# QDM CLUB w/ OPENINGS



## captainhook (Jan 30, 2006)

Due to a member moving to North Dakota and two not ever hunting the land, my QDM club has a couple openings to fill. Our club is 1400 contiguous acres consisting of 2/3 mature hardwoods, seven agricultural fields, powerlines running the length of the property, food plots, planted pines, and small clearcuts. There are 8 towerstands, 8 shooting houses, three tripods, and twenty plus ladder stands set up and ready to go. Our property is surrounded by another 1000+ acre trophy club to the north and east and a 2000+ acre trophy club to the south that ends at the river. All foodplots are planted by the landowner and he supplementally feeds when deer and turkey season are out. The property has been managed for eight years and last year was the first year it was leased out. The season was the best any of us have ever experienced with seeing and average of 35-40 deer per weekend and I have seen upwards of 50 in one weekend. I am not just talking about at the beginning of the season either. The last day of the season me and one other member hunted that morning and he saw thirteen deer ( six bucks) and I saw 12 deer (seven bucks).
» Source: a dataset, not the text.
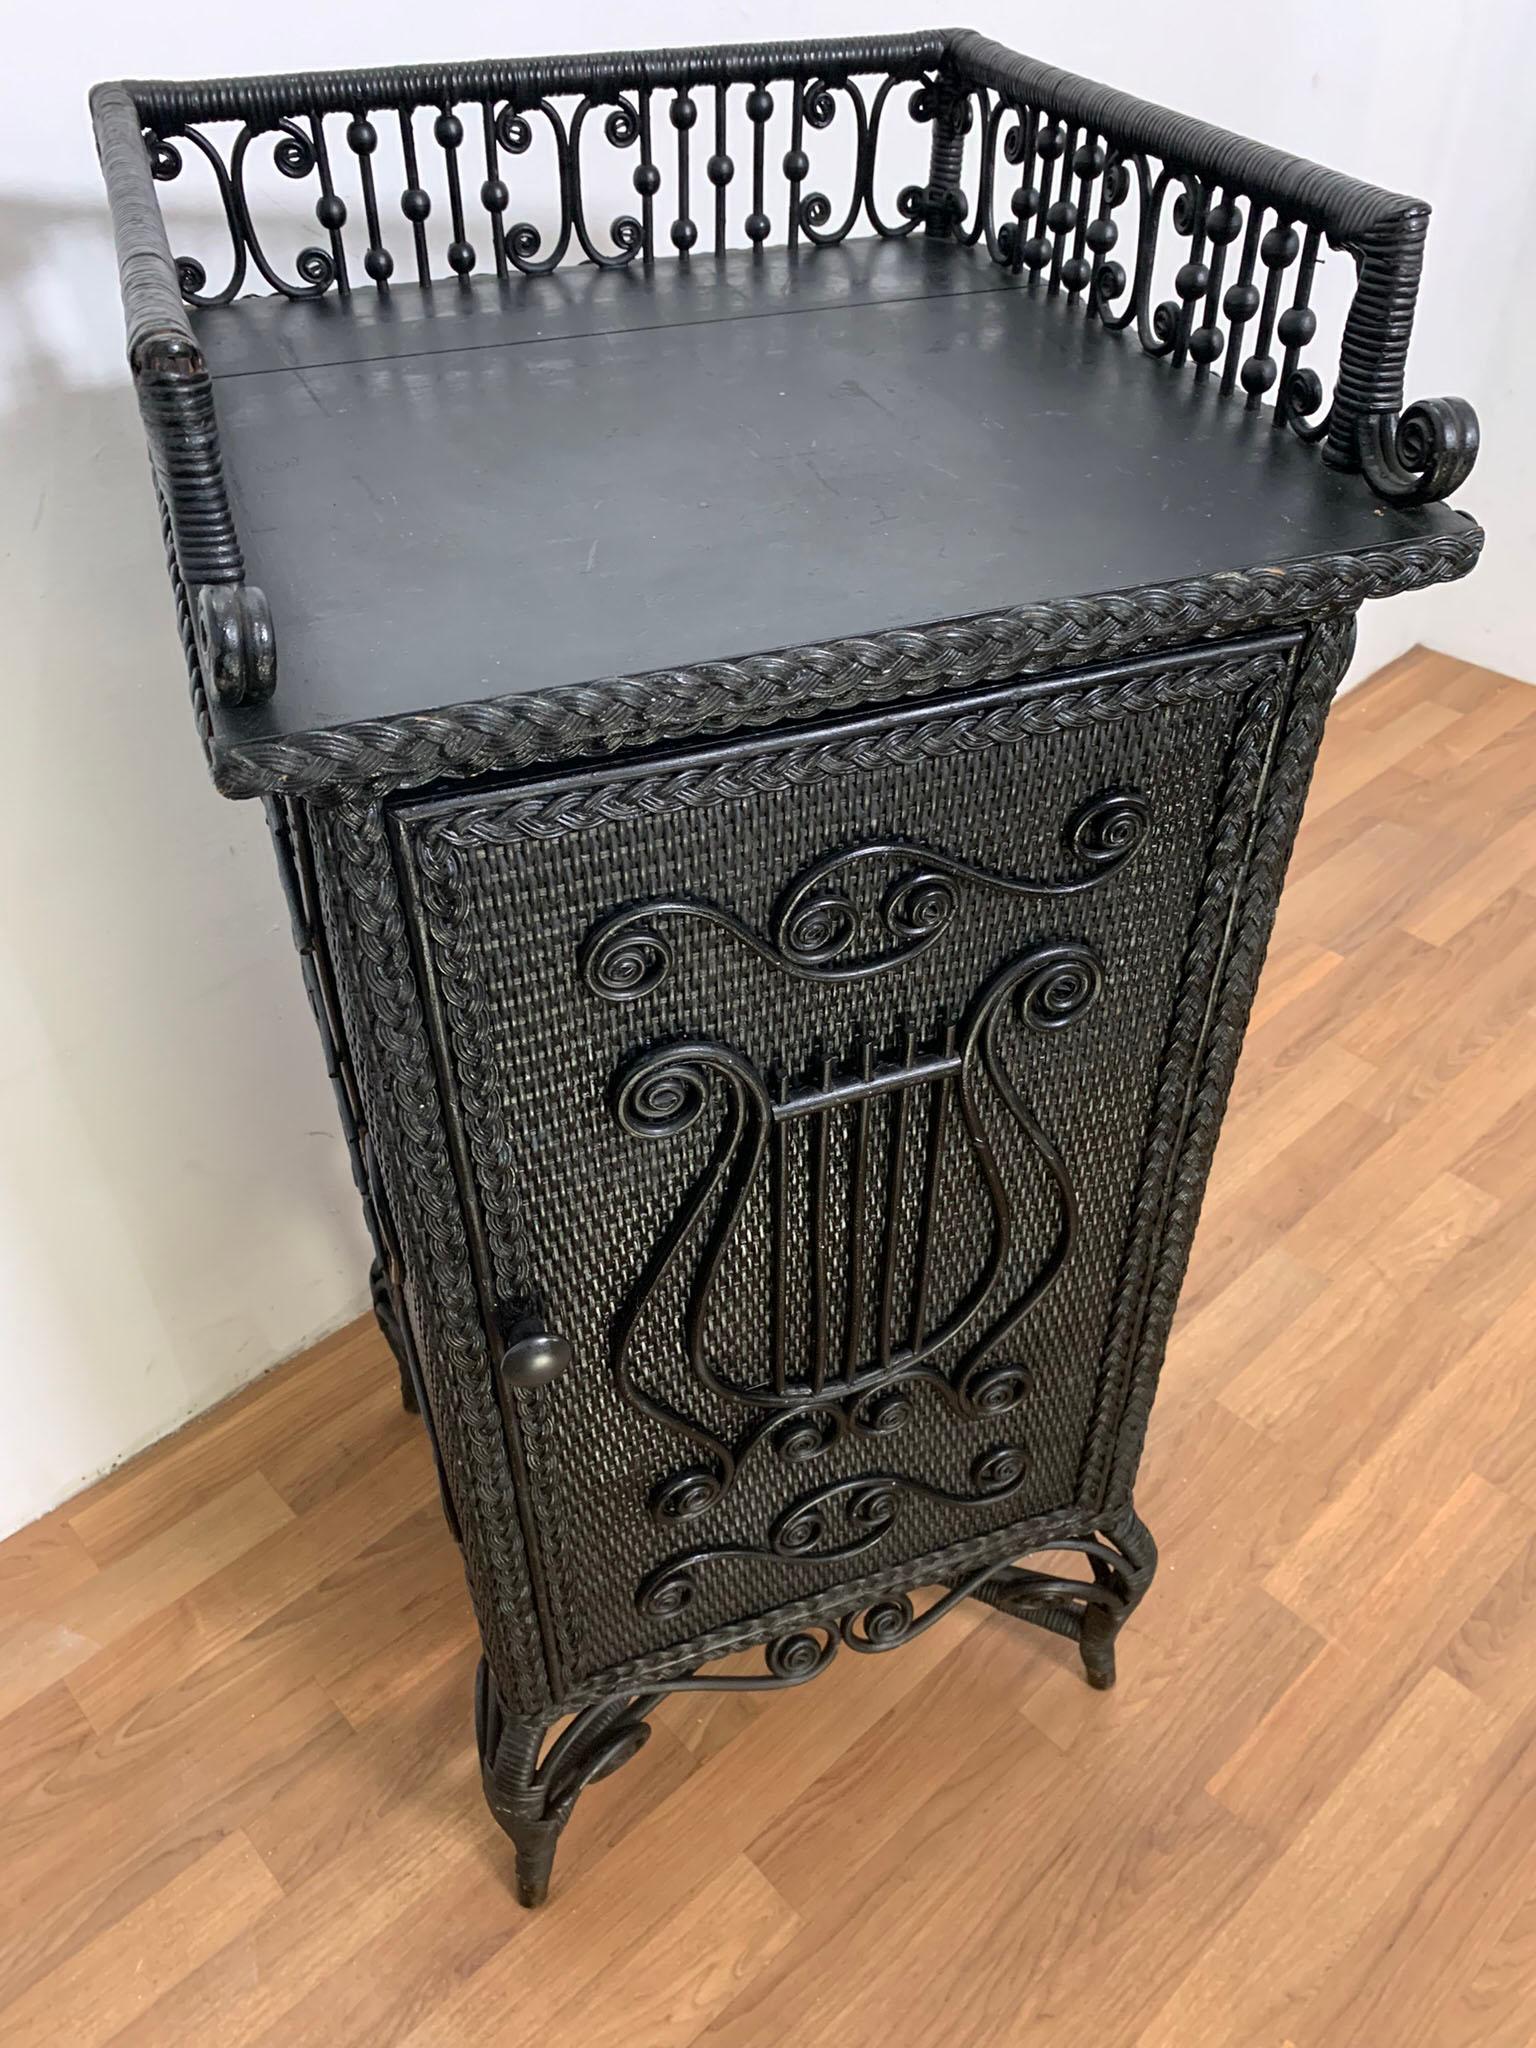 A rare Aesthetic Movement music cabinet adorned with musical notes, in original ebony finish by the Heywood Brothers and Wakefield Company, circa 1890s.

I was the only one that hunted that evening and I saw five deer ( 2 bucks). There have been deer harvested off this property that exceed 160". What we expect from our members is courtesy for other hunters and the landowner, strict compliance with our rules, and to harvest only MATURE animals that meet or exceed our club's regulations. There is no camping and no drinking allowed on the property. This club is turn key with no work needing to be done, all you do is show up to hunt. Price is 1500 per season which includes insurance. Our member maximum is 9 hunters including myself. 
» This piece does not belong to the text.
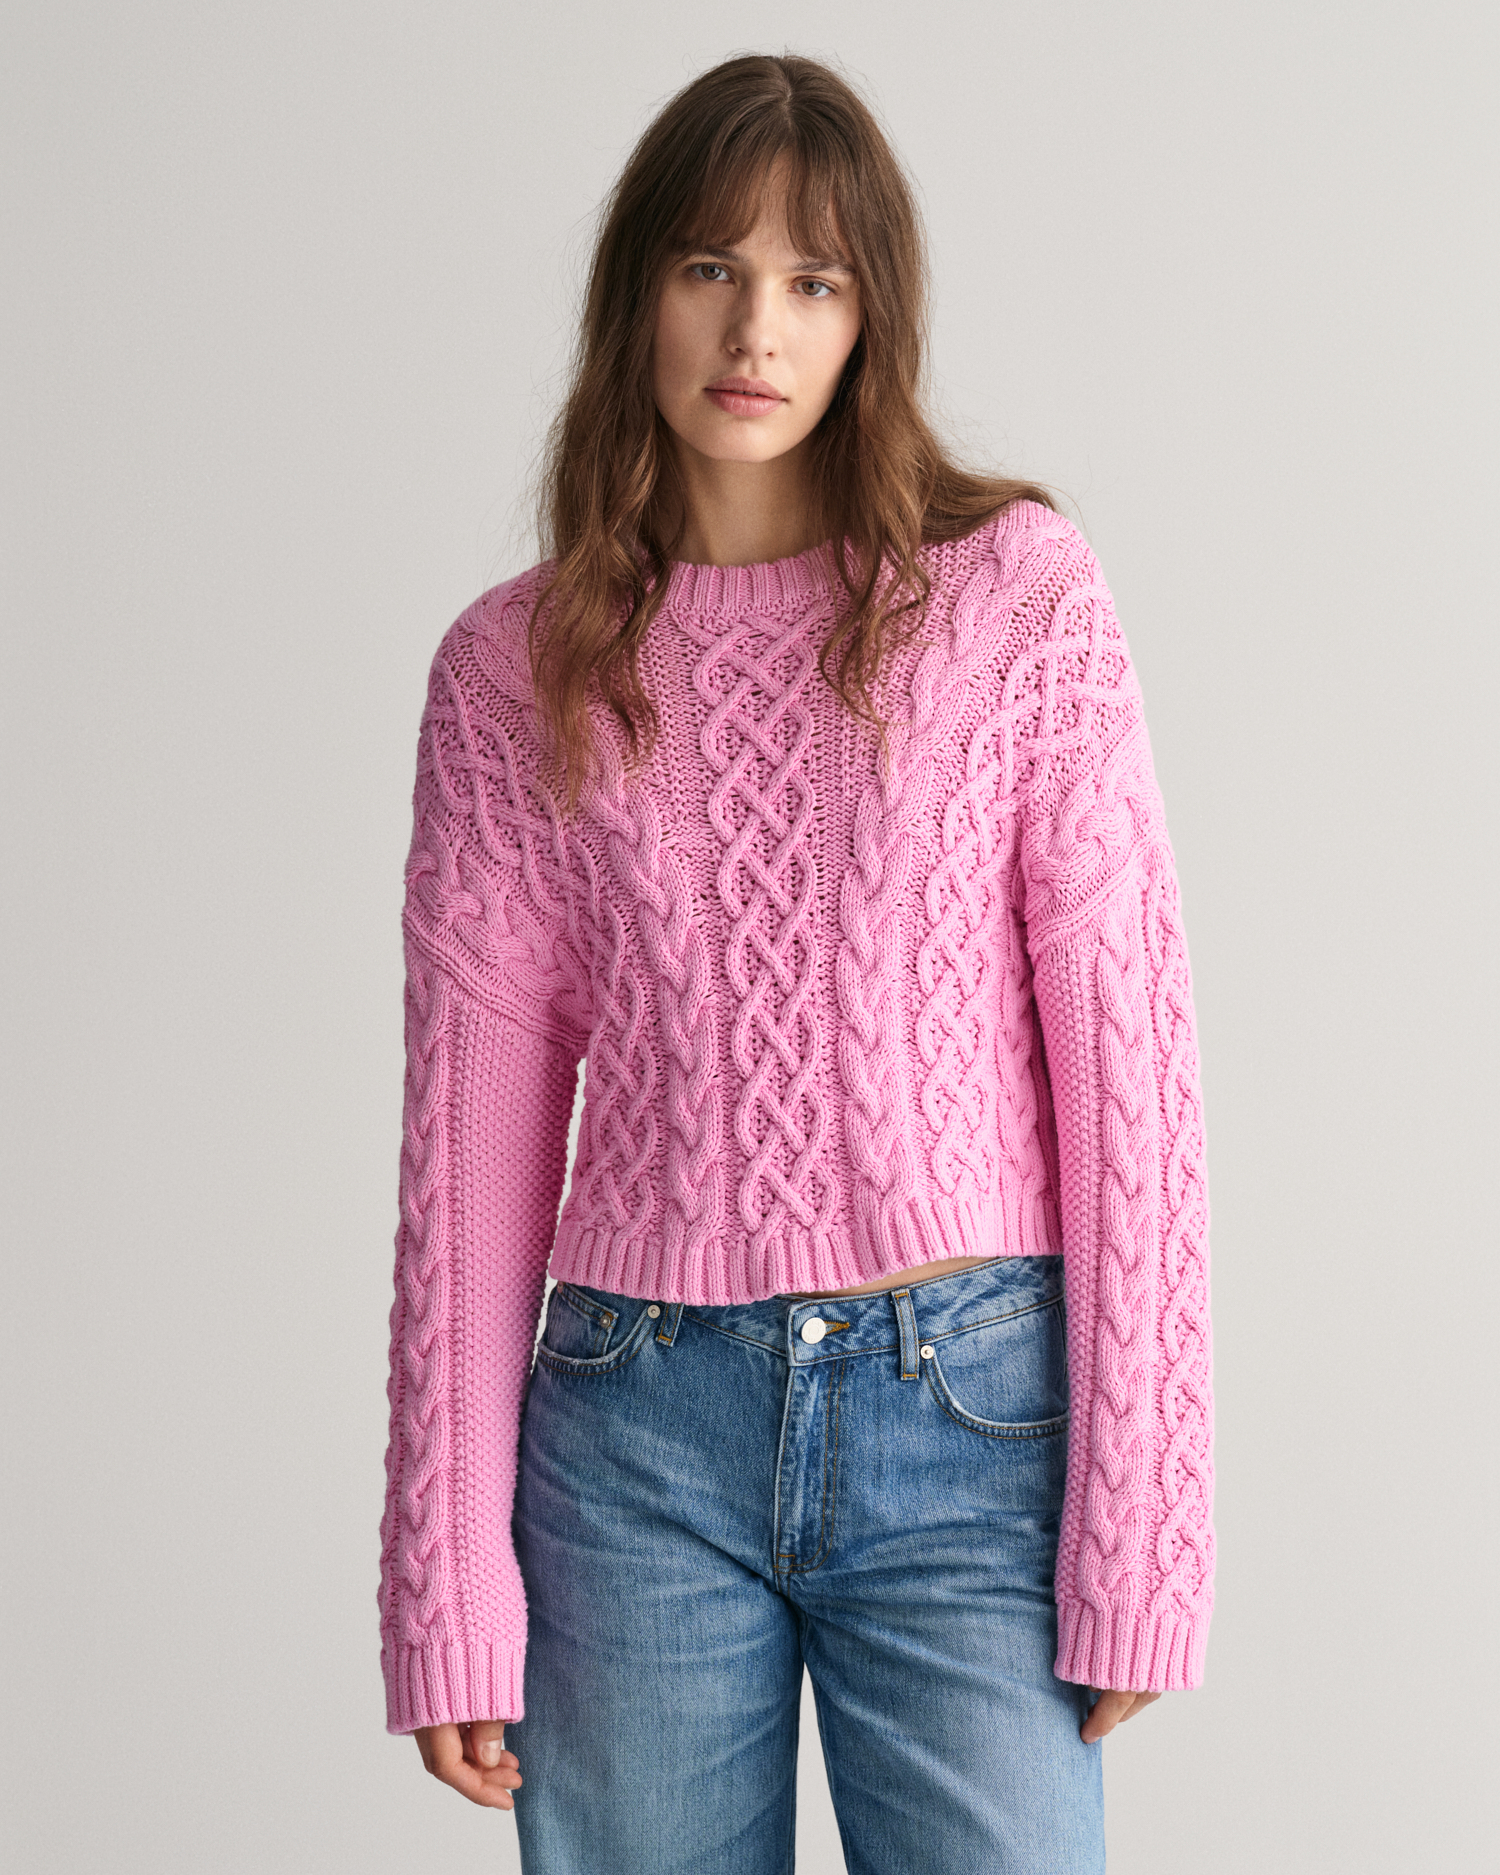 Cable Knit Crew Neck Sweater

Here are some pics from our club house.

4.5 and up (Shooters)






3.5 yr olds (nonshooters)





2.5 yr olds (non shooters)






observation and harvest logs with some sheds found on the property


----------



## Jeff Phillips (Jan 30, 2006)

Where is the land?


----------



## Hunt'nDawg (Jan 30, 2006)

PM sent


----------



## Tide Man (Jan 30, 2006)

P.M. Sent


----------



## bubbabuck (Jan 30, 2006)

Where is the land ?????


----------



## justus3131 (Jan 30, 2006)

I am very interested.  What county is club located?  Can view next weekend if county is in SW GA.


----------



## captainhook (Jan 30, 2006)

Sorry gentlemen I forgot to state that the club is in Jenkins Co, about an hour south of Augusta.


----------



## Jeff Phillips (Jan 30, 2006)

PM sent.


----------



## deermedic6558 (Jan 30, 2006)

*I am interested*

I have 3 guys that are wanting to see the property. How many openings?


----------



## brofoster (Jan 30, 2006)

Good old Winthrope Ave.  Born and raised.


----------



## captainhook (Jan 31, 2006)

brofoster said:
			
		

> Good old Winthrope Ave.  Born and raised.
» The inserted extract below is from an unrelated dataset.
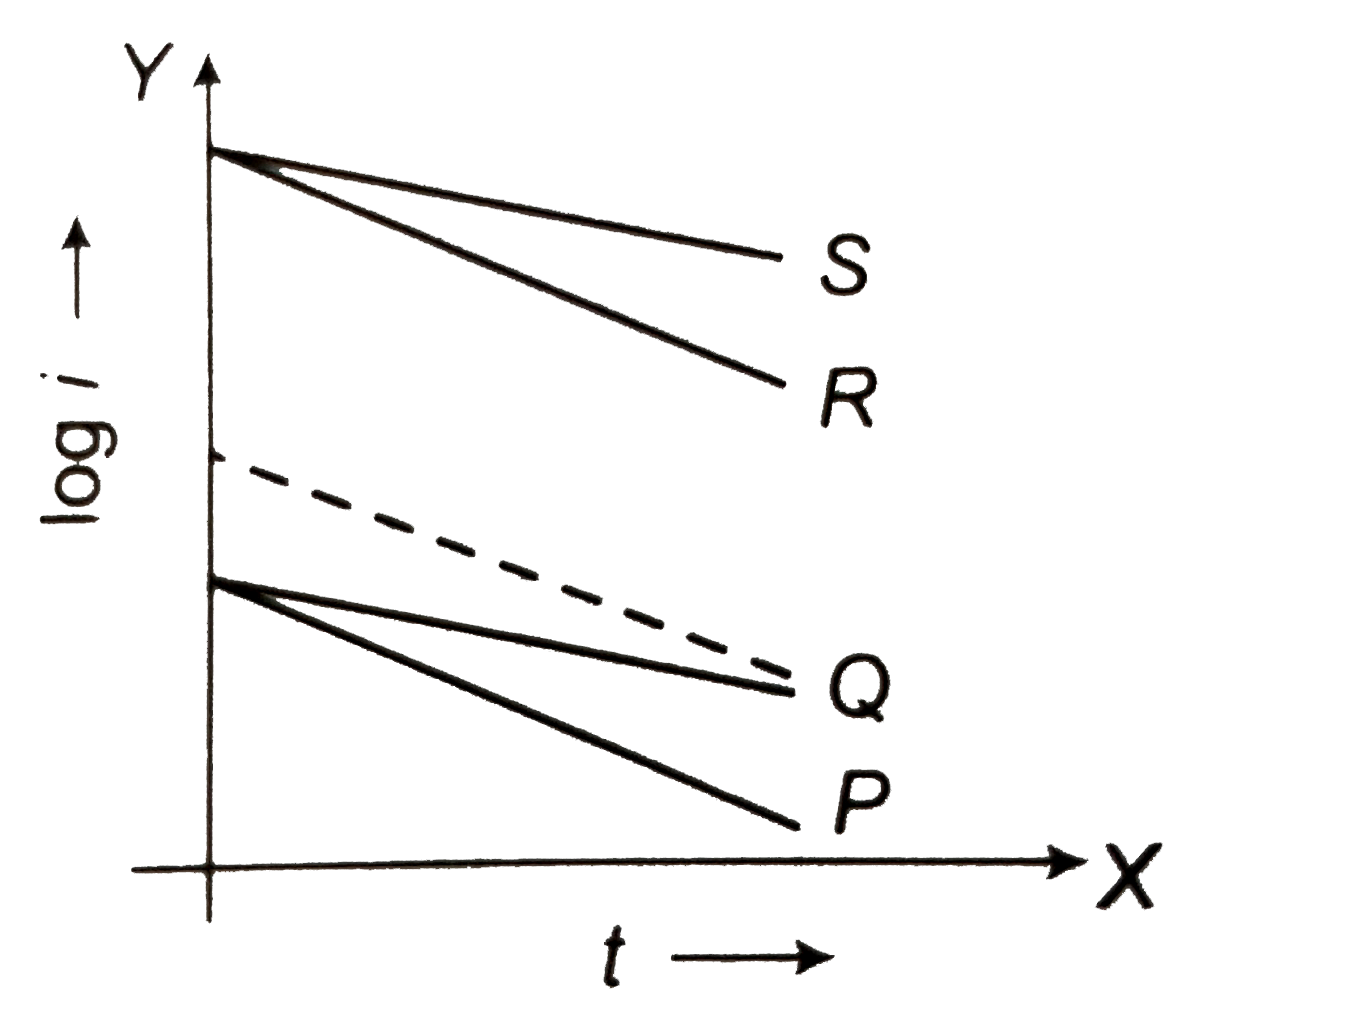 In an RC circuit while charging, the graph of 1n i versis time is as shown by the dotted line in the diagram figure. Where i is the current. When the value of the resistance is doubled, which of the solid curve best represents the variation of 1n i versus time

You don't say, Welcome back stateside Bro!


----------



## brofoster (Jan 31, 2006)

Yeah Captainhook, 

     I grew up off of Hwy 25.  Out by Brinson's BBQ.  Over of John Cleve and the Newton's place.  Don't know if you know them but most of the big farmers do.  I still hunt that place when I go home.  I am stationed over in Albany now though.  Three hour drive to the house.  Where exactly is this good looking club?  Is it the one down of the Ogeechee once you cross the bridge?

Calvin Foster


----------



## captainhook (Jan 31, 2006)

The club I was in prior to getting this property used to lease some of John Cleeve's land years ago. That same club leased the property on the right behind the ball fields on the river. One of the members killed a huge 8 point out of that big field by Brinson's about 6-7 yrs ago when they had peanuts in it.


----------



## Redman54 (Feb 2, 2006)

Capt Hook, 
Do we get a discount on a truck if we join.LOL


----------



## gradyhunter (Feb 2, 2006)

Have you filled your openings yet? Im in Thomasville ...sounds like a great place.


----------



## captainhook (Feb 2, 2006)

Redman54 said:
			
		

> Capt Hook,
> Do we get a discount on a truck if we join.LOL



You know it!


----------



## captainhook (Feb 2, 2006)

gradyhunter said:
			
		

> Have you filled your openings yet? Im in Thomasville ...sounds like a great place.




As of right now we haven't filled the openings yet. I have two forum members coming up to visit the property this weekend that will most likely sign up but this would still leave an opening.


----------



## captainhook (Feb 15, 2006)

Had a guy that couldn't come up with the  money so I have another opening!


----------



## gsubo (Feb 16, 2006)

Id be interested in knowing some more about the club, Such as guest policy,  whether or not people get to pick areas or if its first come first serve kind of thing.  Looks like there are some really big deer on this land..Ive always liked the thought of QDM but have never hunted QDM land, been huntin Ft stewart for years and love it but the size of the deer isnt anywhere close to  those bucks.  ALso,  where exactly is in in Jenkins county? Thanks.


----------



## captainhook (Feb 17, 2006)

Jenkins is the next county above Bulloch and west of screven. We aren't to big on guests. Stands first come first serve, we all pay the same $ so we all can hunt any stand as long as no one else is signed in there.


----------



## Eagle Eye II (Feb 21, 2006)

*any openinggs left?*

Hey Captain Ron,

when will you be showing the land again?  I am definetely interested and would love to join based on the information I've read over this thread.

Thanks
Ernest, Bowhunter



			
				captainhook said:
			
		

> Jenkins is the next county above Bulloch and west of screven. We aren't to big on guests. Stands first come first serve, we all pay the same $ so we all can hunt any stand as long as no one else is signed in there.


----------



## SWAMPFOX (Feb 21, 2006)

You stated no camping permitted. Is there a club house for overnight accomodations? Thanks


----------



## duckndeerhuntinRN (Aug 14, 2006)

*huntin*

do ya still have openings.
David


----------